I think if we read Nancy Cott’s “Public Vows,” it’s clear that the marriage institution in the US is based on conservative framing and that influence has increased historically. For example, interracial marriage was allowed at first – then outlawed. Requiring monogamy was a conservative reaction – and was enshrined into our laws. While I agree that there is no such thing as traditional marriage (well, at least beyond 200 years or so – see Stephanie Coontz’ “Marriage, A History), I also think that it is important to remember what values have shaped and continue to shape the institution of marriage – and those values are conservative. That does not mean, of course, that some marriages aren’t progressive, however, the institutional pressures are strong, normative, and conservative.

Hmmm…Tim here is a thought…. Hindus and Buddhism do acknowledge and embrace same sex marriage. So yes in the USA marriage is a conserve Christian thing….

Funny. I do appreciate humor, always, including in the picture which is awesome, just sayin’

Hmmm…Tim here is a thought…. Hindus and Buddhism do acknowledge and embrace same sex marriage. So yes in the USA marriage is a conserve Christian thing….

Tim wrote: “if you support marriage equality as much as you say you do, you ought to stop using the discriminatory term “same-sex marriage,” which automatically relegates such marriages to the status of “other.””

I struggle with this. I see how adding “same-sex” in front of marriage could relegate marriages of same-sex couples to “other.” At the same time, though, I find it troubling when a term like “marriage equality” that seems to be inclusionary is used to mean only one specific kind of equality: That between same-sex and different-sex married couples. “Marriage equality,” as it is used, does not include interracial couples, often not trans* couples, etc. Similarly with “human rights” campaign: HRC works toward specific human rights, not all human rights, which is especially troubling when the rights of trans* folks aren’t including. So, to me “same-sex marriage” simply specifies the context of marriage equality we’re talking about.

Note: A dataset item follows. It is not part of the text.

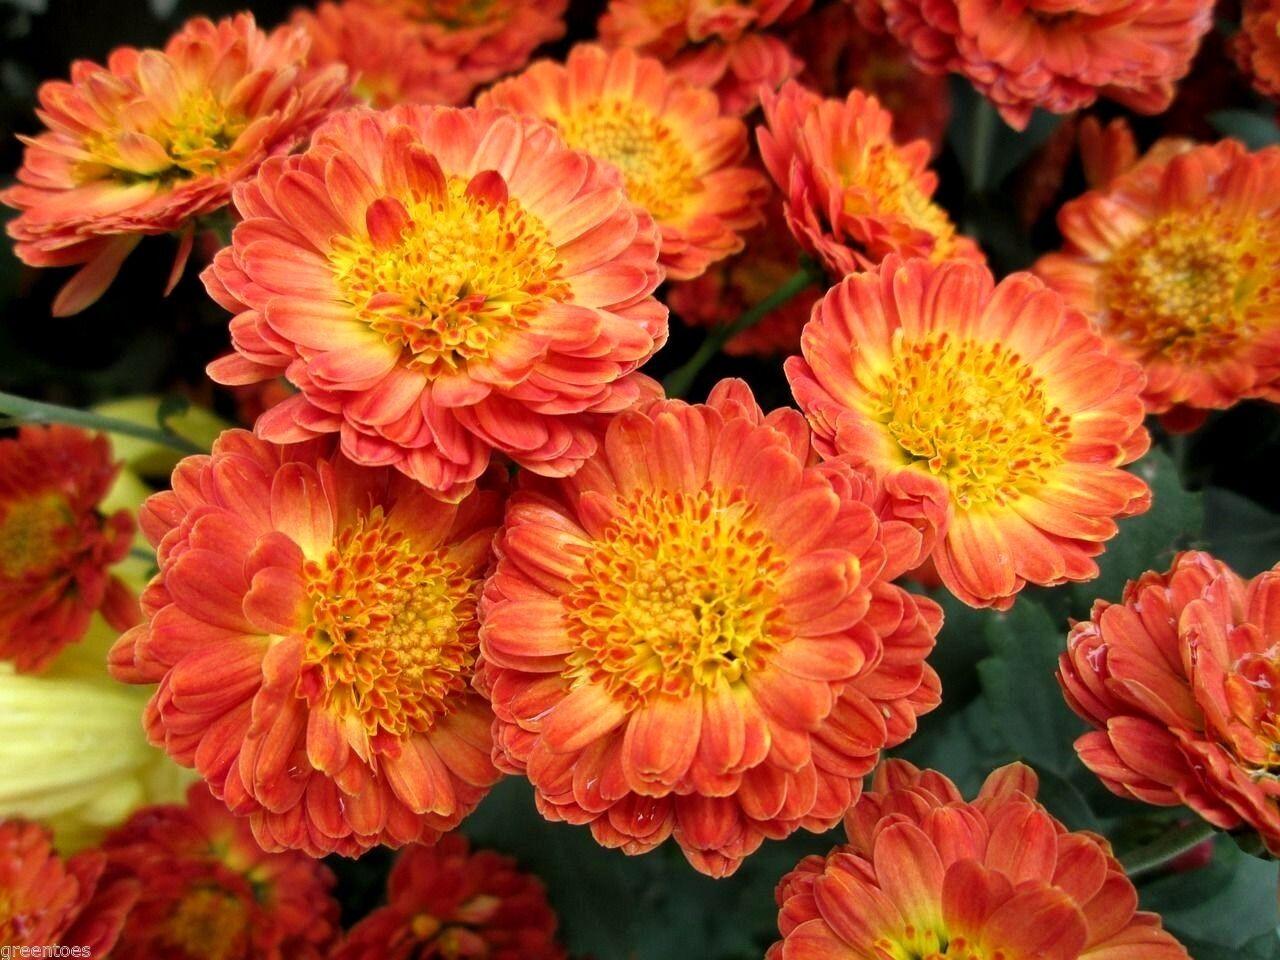 Hardy Chrysanthemum Garden Mums Indicum Mix Large Variety Perennial

Any thoughts or comments? I’d be happy to be enlightened!

Rachel I completely understand your feelings that the term “Marriage Equality” has predominantly been used to describe an equality between same-sex and opposite-sex marriages. But I just wanted to express that I feel this term is a good one, that has the potential to represent the concept of equality for anyone who wishes to enter into a marriage (gay, straight, interracial, polygamist, whatever.) And I most definitely agree that an organization that works specifically for gay rights should not be appropriating a term (Human Rights) that is much more inclusive than the organization itself.

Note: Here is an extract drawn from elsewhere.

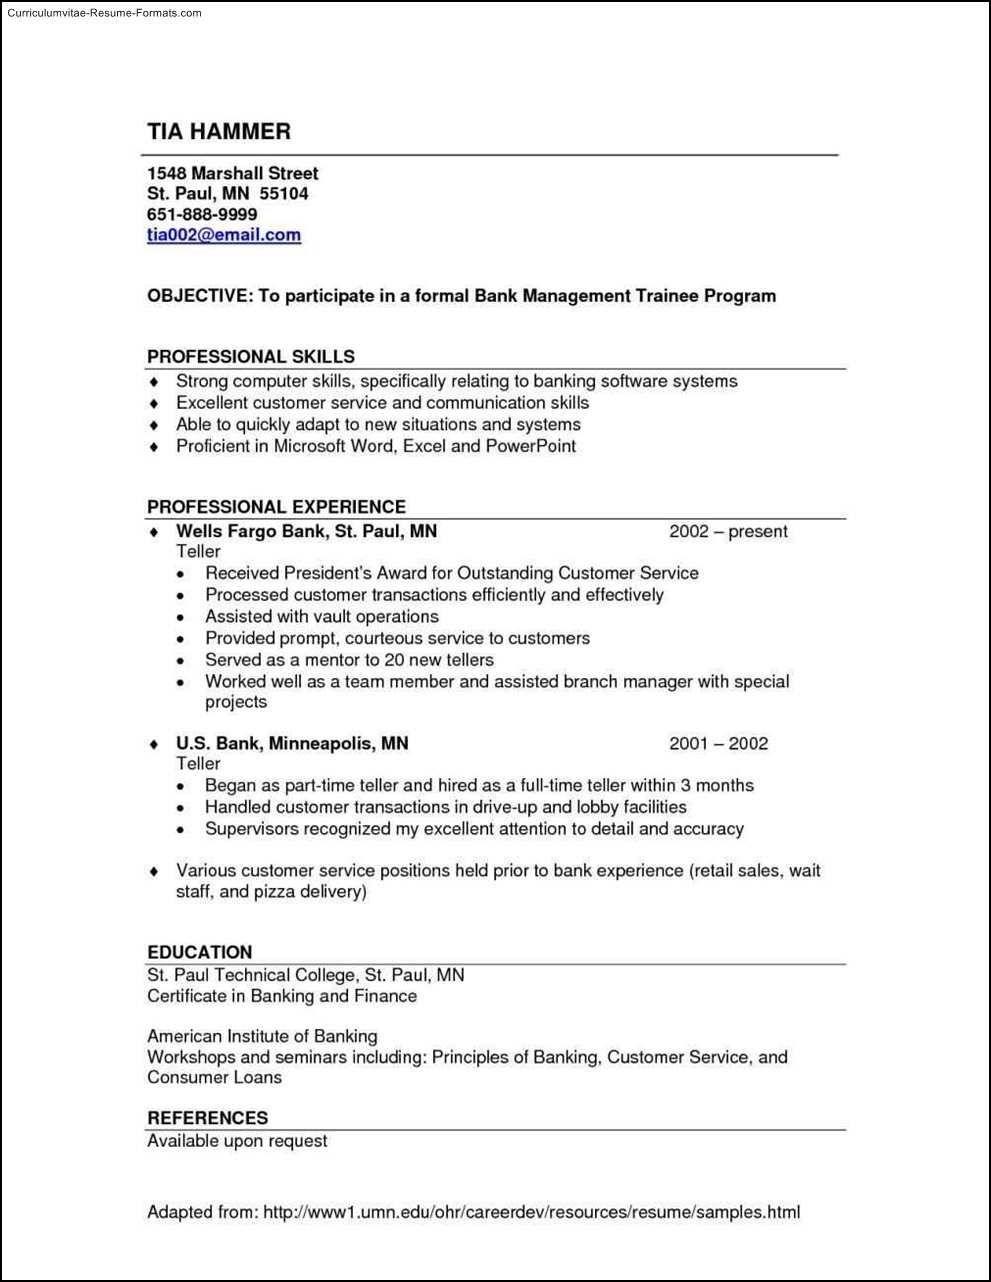 Resume For Bank Tellers Excellent Bank Teller Resume Sample

If that is the definition of “marriage equality,” I think it is as inclusive as can be for marriage… My concern is that, just with HRC, the meaning will be watered down to something less inclusive… But maybe that just means we gotta keep speaking up as I do with “equality for all,” demanding that “all” really means all, not just married folks…

This is a wonderful article. I have thought just about as much. The perceived right to discriminate against and marginalize people the majority does not value is only due to a base need for power and control. I am hopeful however that by shaving off the territory where discrimination is acceptable that eventually we will whittle down this ego monster into a tiny toothpick.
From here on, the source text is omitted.